§ PROBLEM TO SOLVE: Lines containing the word "Black" are the ones to copy from the records below.

§ GIVEN ENTRIES:
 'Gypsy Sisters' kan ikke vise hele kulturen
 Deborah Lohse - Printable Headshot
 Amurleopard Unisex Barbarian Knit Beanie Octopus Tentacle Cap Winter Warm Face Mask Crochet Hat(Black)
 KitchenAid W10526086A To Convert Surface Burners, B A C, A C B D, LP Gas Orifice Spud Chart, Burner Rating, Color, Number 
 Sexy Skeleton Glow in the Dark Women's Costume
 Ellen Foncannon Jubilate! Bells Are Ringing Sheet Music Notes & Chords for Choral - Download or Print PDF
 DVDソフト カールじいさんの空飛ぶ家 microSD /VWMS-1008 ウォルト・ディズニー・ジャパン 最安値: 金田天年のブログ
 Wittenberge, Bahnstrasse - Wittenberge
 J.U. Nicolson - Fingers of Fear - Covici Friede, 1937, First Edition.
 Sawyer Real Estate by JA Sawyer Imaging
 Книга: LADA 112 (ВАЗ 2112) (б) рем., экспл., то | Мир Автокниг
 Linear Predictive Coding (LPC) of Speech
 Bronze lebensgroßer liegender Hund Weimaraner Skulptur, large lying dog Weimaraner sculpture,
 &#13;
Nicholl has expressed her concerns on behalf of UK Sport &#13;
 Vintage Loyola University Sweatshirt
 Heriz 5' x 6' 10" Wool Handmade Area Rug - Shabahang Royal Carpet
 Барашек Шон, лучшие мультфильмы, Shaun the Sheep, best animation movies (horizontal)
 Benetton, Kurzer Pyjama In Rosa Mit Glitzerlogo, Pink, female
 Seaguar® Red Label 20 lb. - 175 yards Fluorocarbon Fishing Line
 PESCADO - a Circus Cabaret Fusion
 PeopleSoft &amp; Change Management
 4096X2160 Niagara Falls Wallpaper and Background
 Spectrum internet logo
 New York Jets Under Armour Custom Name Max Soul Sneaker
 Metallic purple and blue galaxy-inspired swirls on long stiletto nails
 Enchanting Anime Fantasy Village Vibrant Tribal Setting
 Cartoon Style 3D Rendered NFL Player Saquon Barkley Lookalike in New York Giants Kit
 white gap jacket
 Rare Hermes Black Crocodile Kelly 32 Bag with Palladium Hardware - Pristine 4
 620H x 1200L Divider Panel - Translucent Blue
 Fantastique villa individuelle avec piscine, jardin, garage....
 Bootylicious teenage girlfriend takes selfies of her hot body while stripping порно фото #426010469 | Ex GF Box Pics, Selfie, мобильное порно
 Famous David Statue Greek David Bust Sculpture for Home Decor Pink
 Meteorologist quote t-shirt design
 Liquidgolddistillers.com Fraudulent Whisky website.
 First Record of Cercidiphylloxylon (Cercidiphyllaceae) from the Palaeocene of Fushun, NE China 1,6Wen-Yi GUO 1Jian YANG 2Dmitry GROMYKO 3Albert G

§ EXERCISE OUTPUT:
 Amurleopard Unisex Barbarian Knit Beanie Octopus Tentacle Cap Winter Warm Face Mask Crochet Hat(Black)
 Rare Hermes Black Crocodile Kelly 32 Bag with Palladium Hardware - Pristine 4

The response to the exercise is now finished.